> **To do**
Print the listing below word for word, but drop any pictures it contains.

> **Data below**
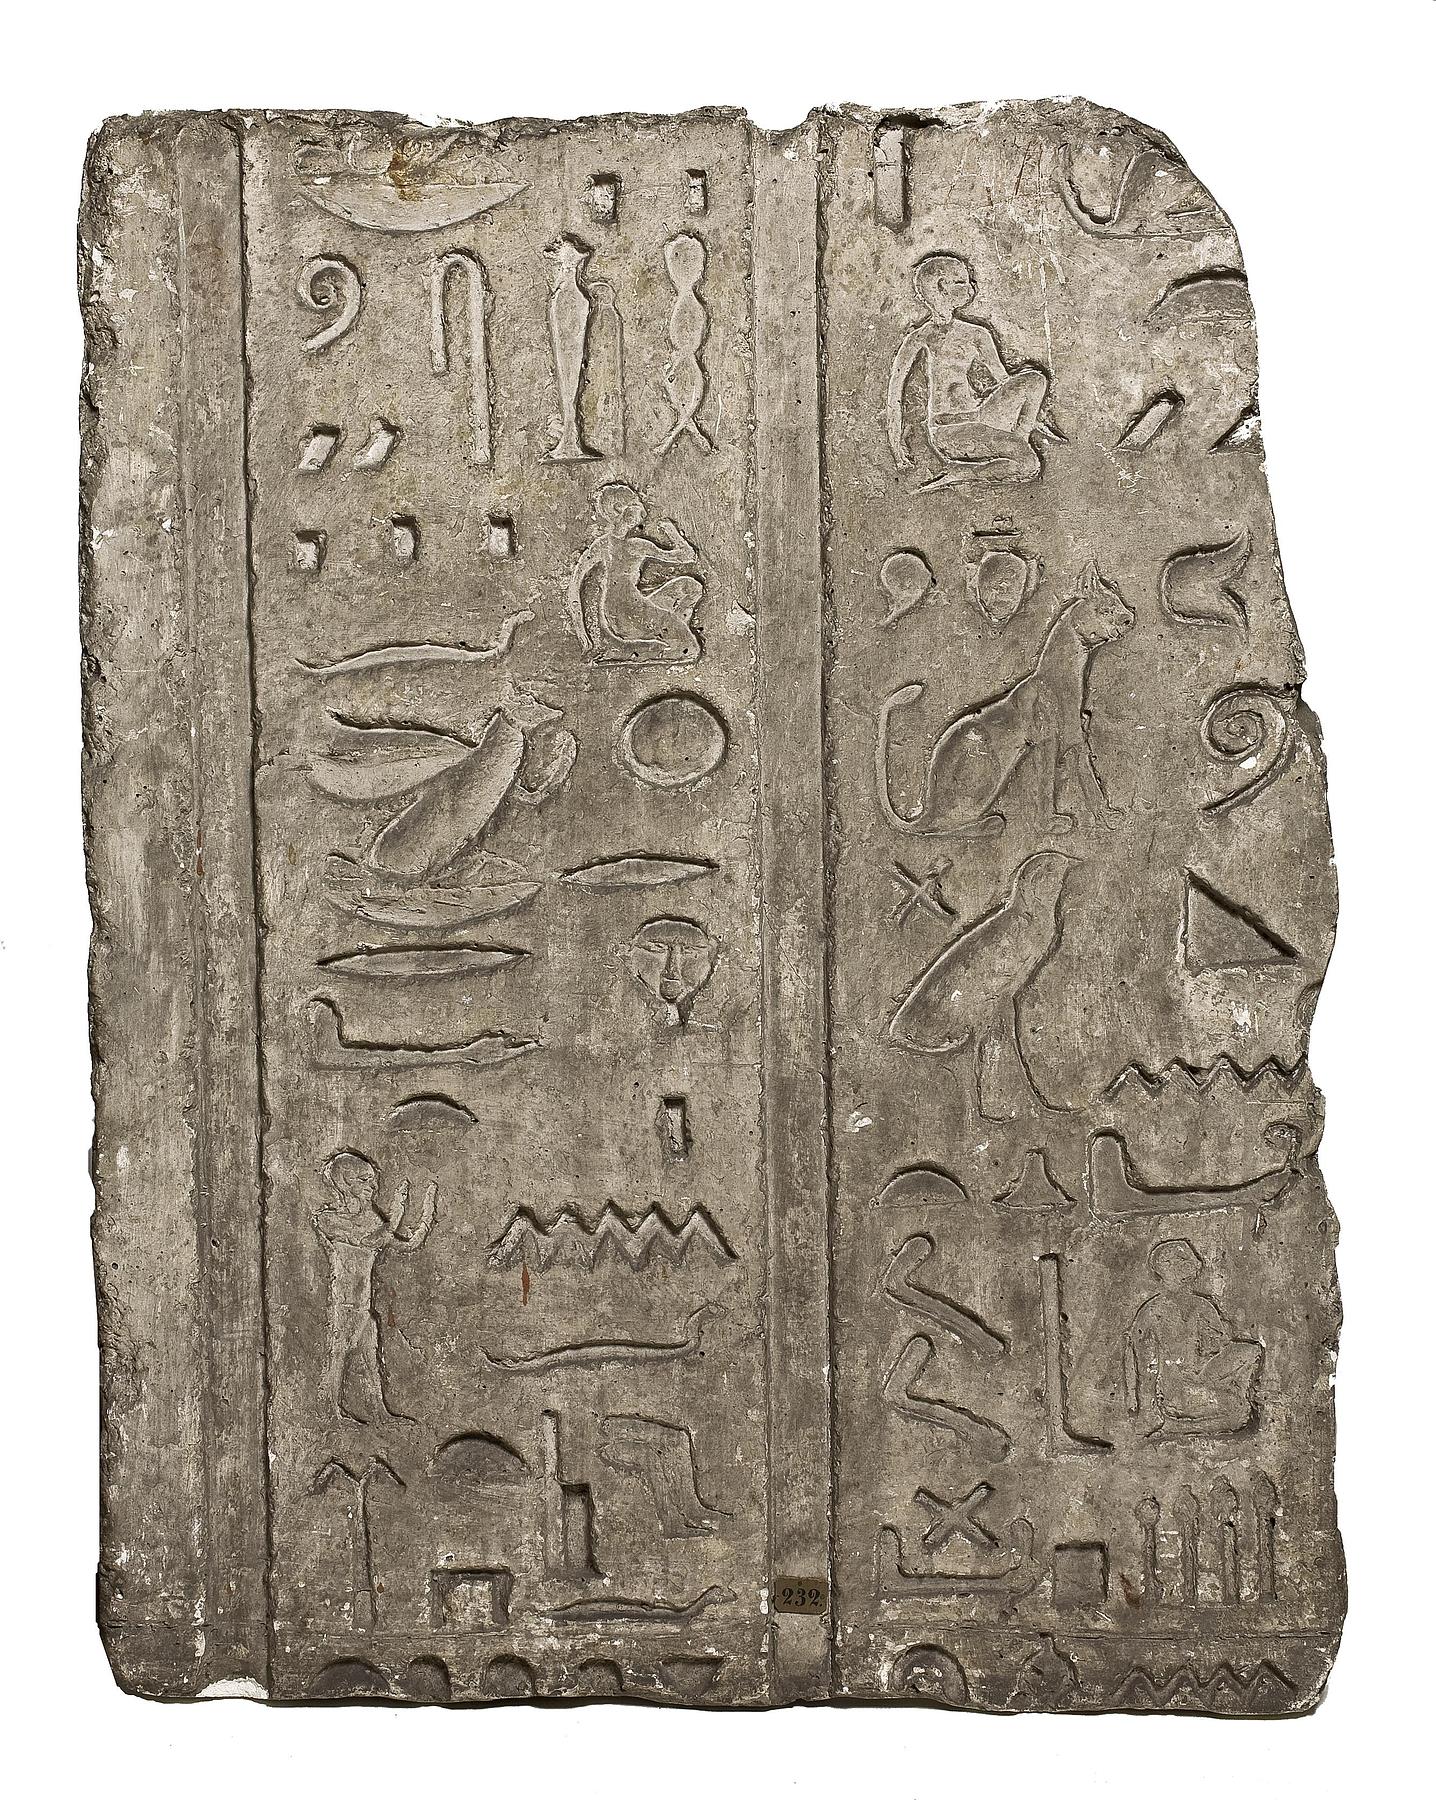 Hieroglyphic inscription, L232
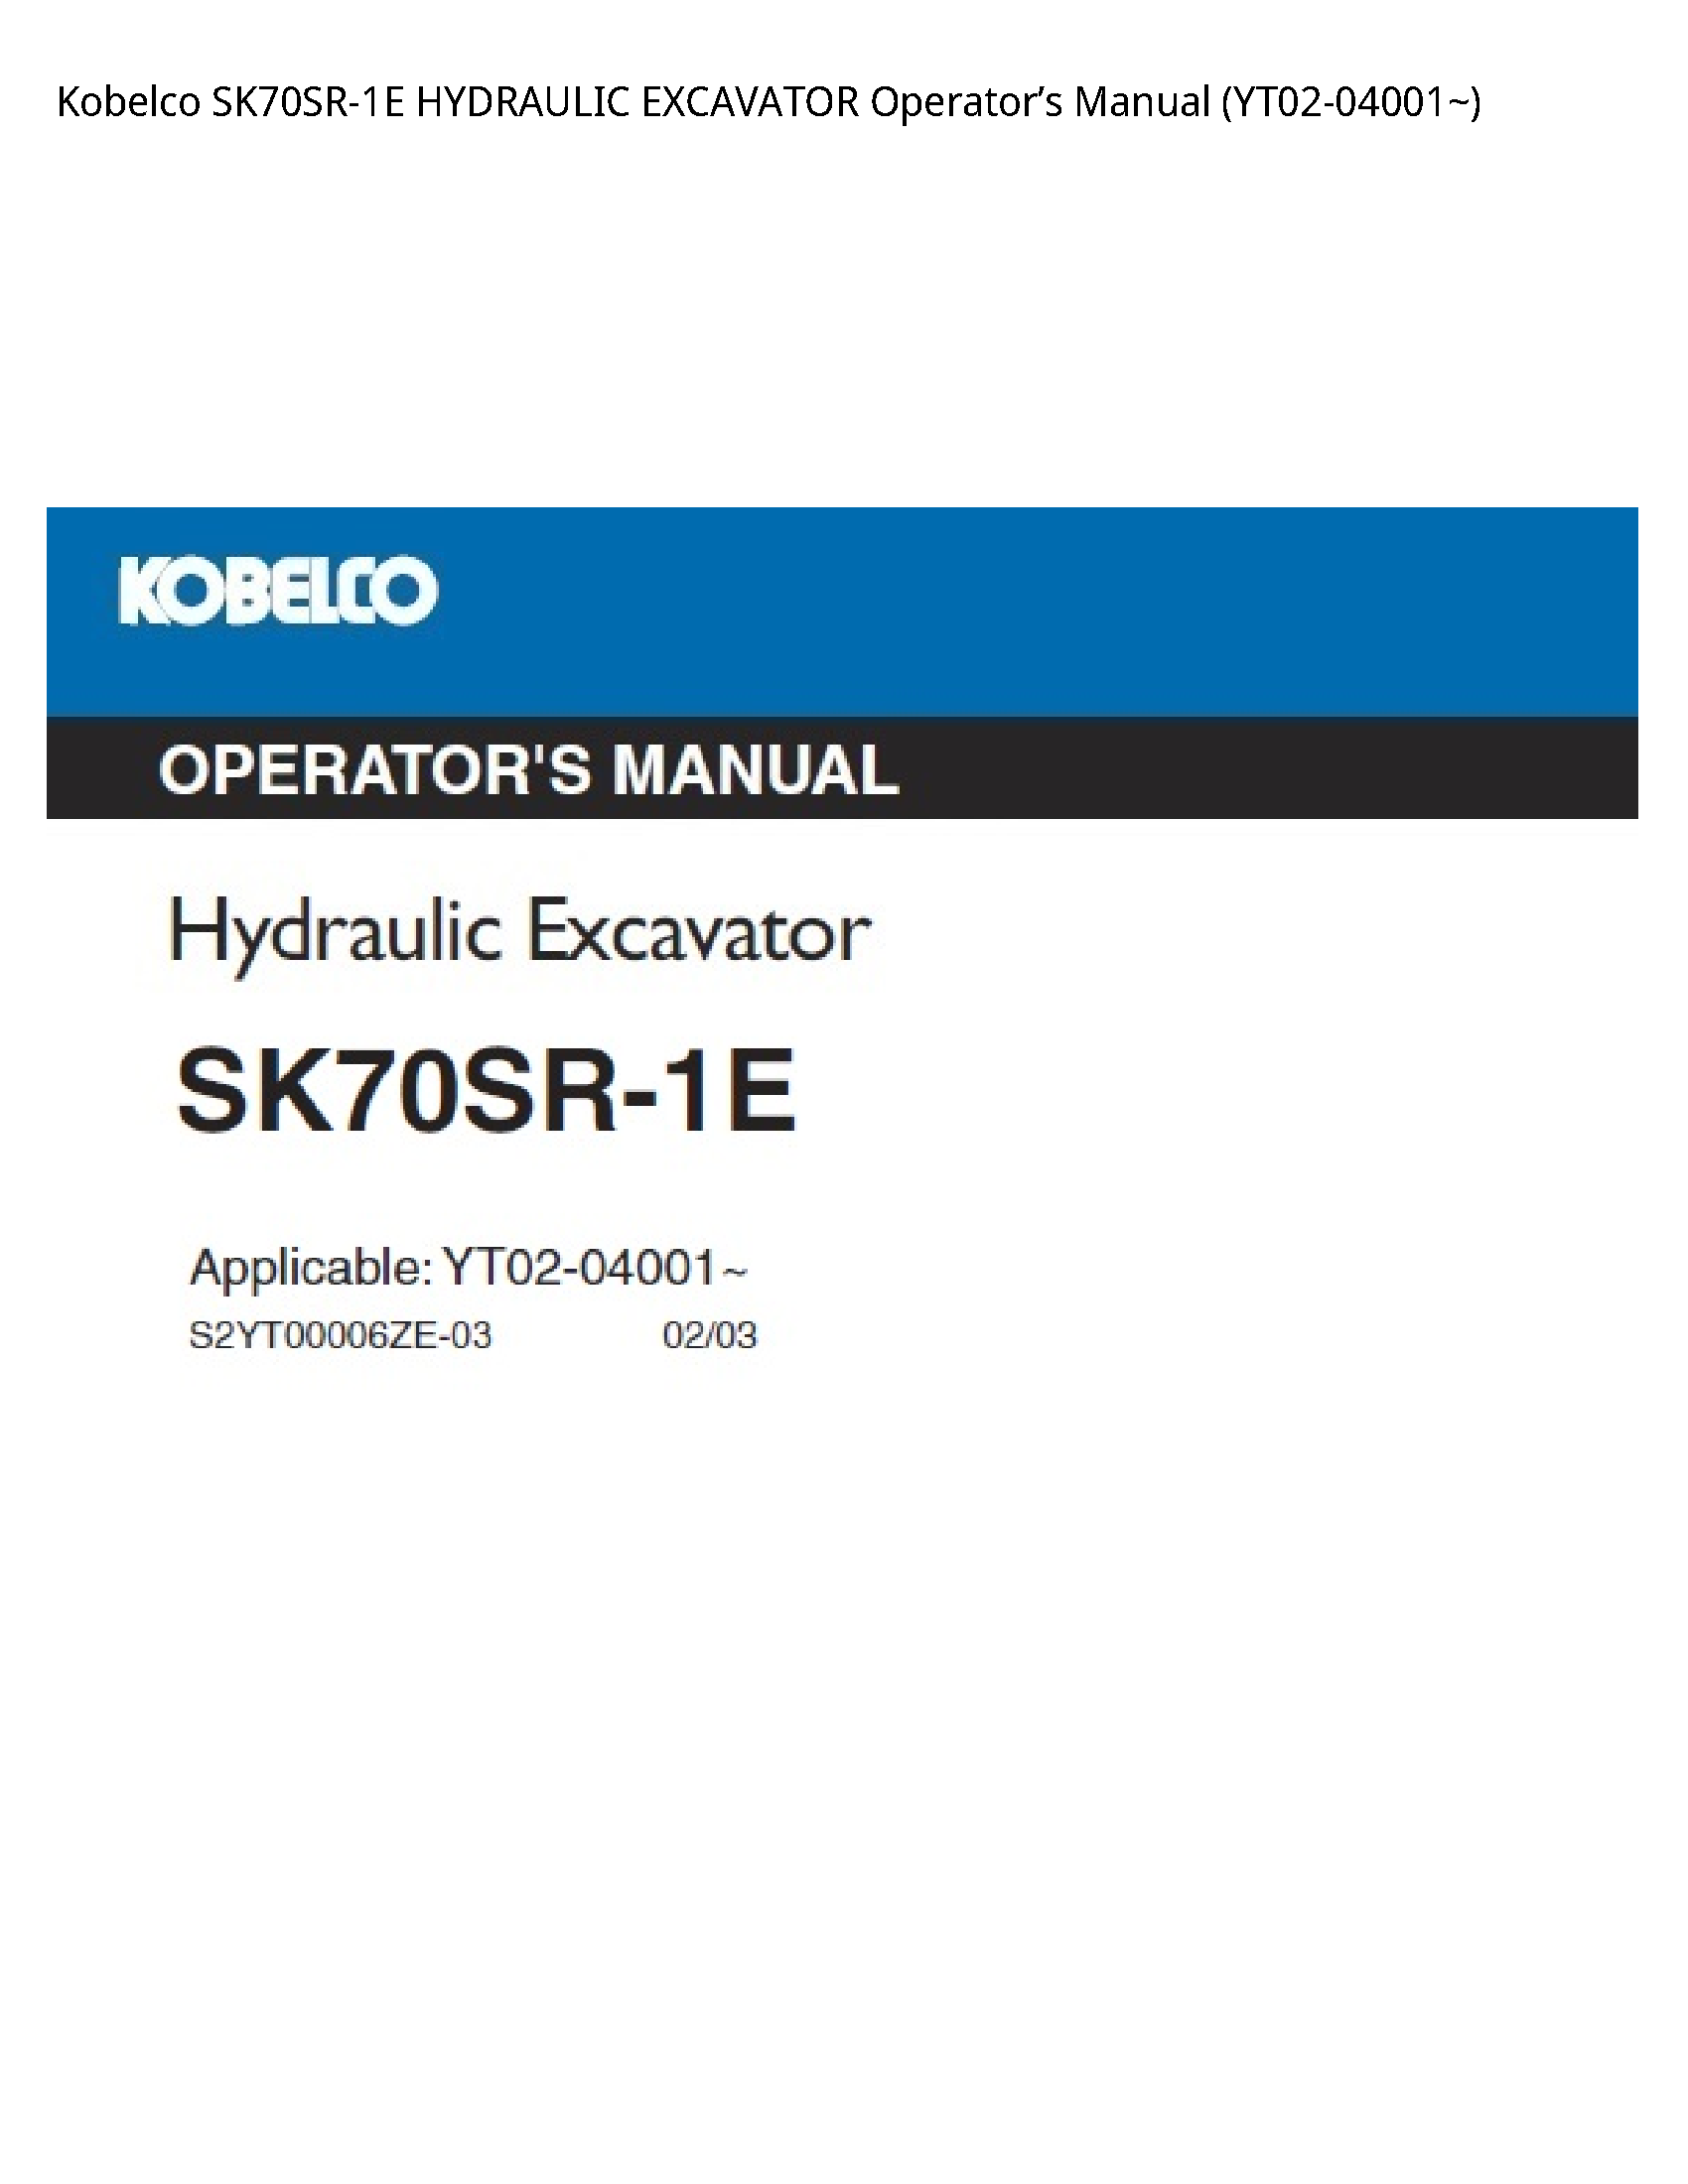 Kobelco SK70SR-1E HYDRAULIC EXCAVATOR Operator’s manual
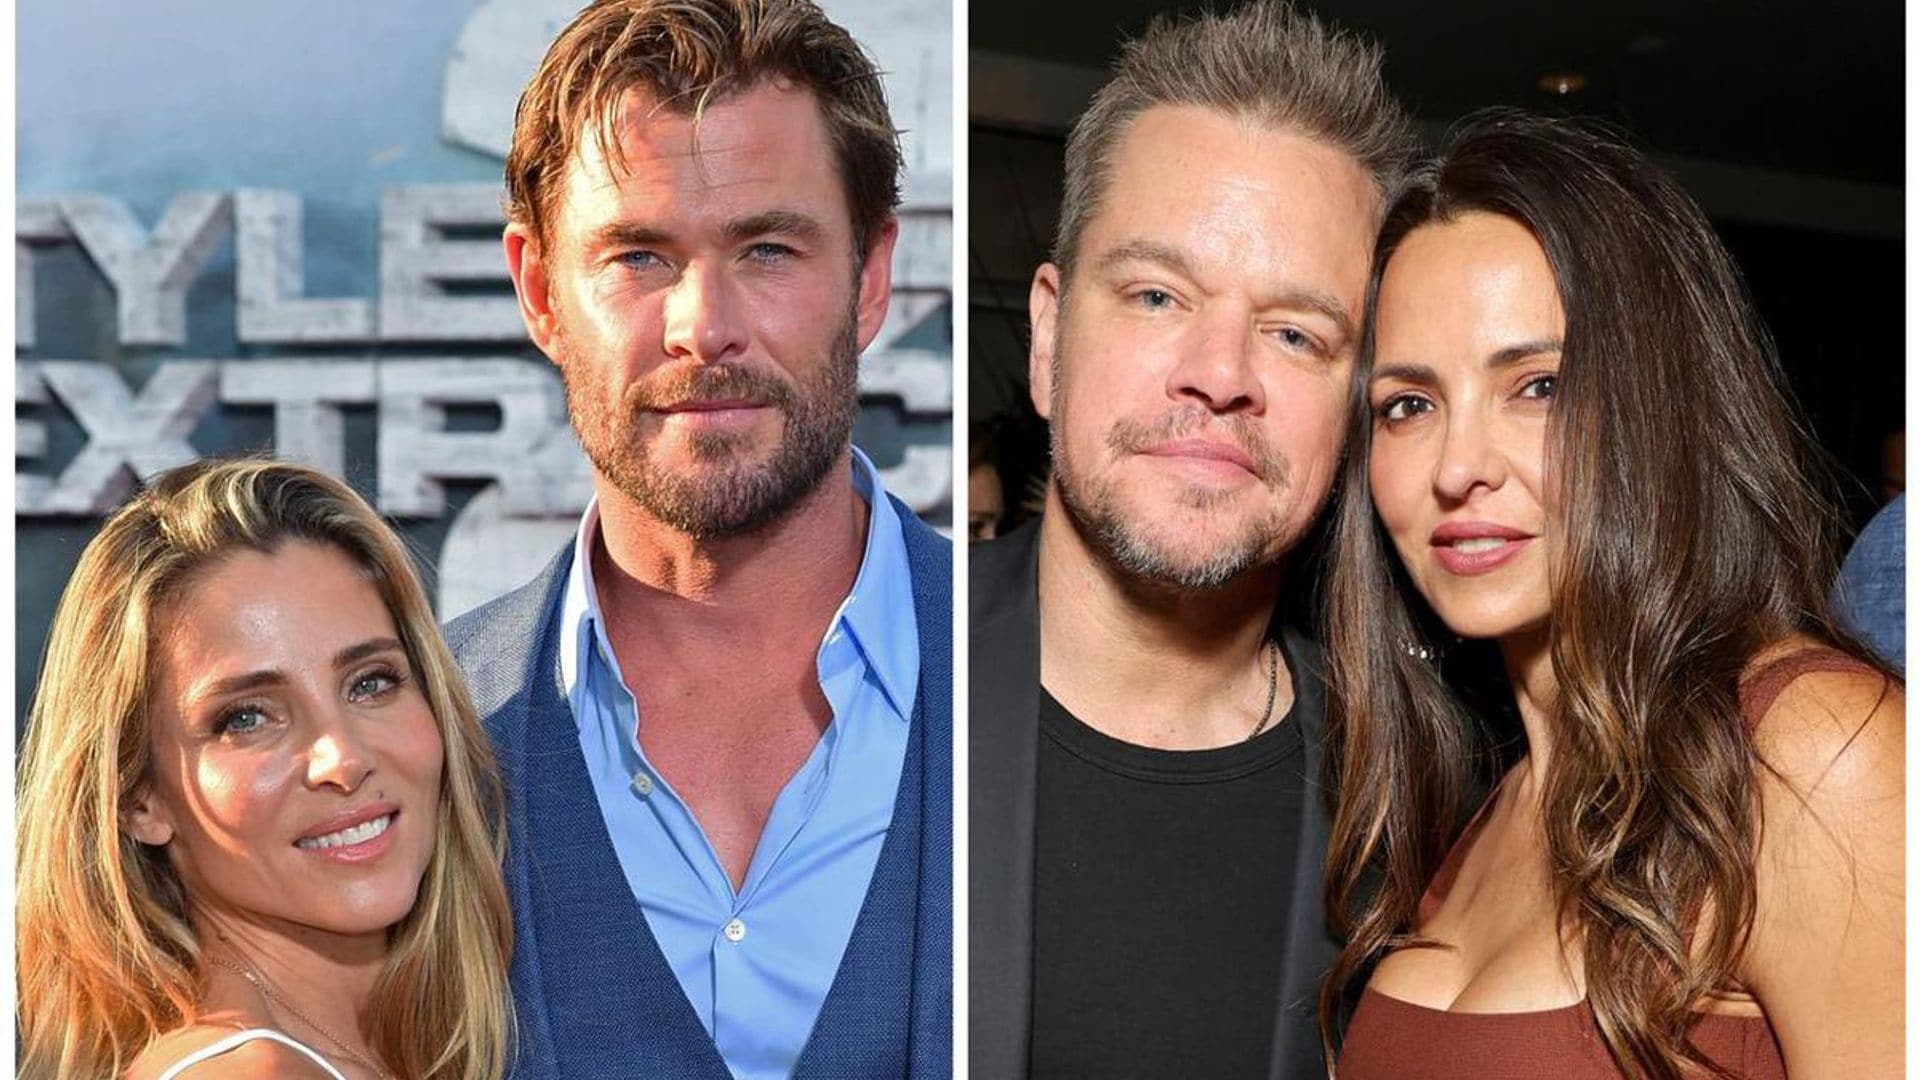 Elsa Pataky and Chris Hemsworth’s close friendship with Matt Damon and his wife

> **Written solution**
 Hieroglyphic inscription, L232
 Kobelco SK70SR-1E HYDRAULIC EXCAVATOR Operator’s manual
 Elsa Pataky and Chris Hemsworth’s close friendship with Matt Damon and his wife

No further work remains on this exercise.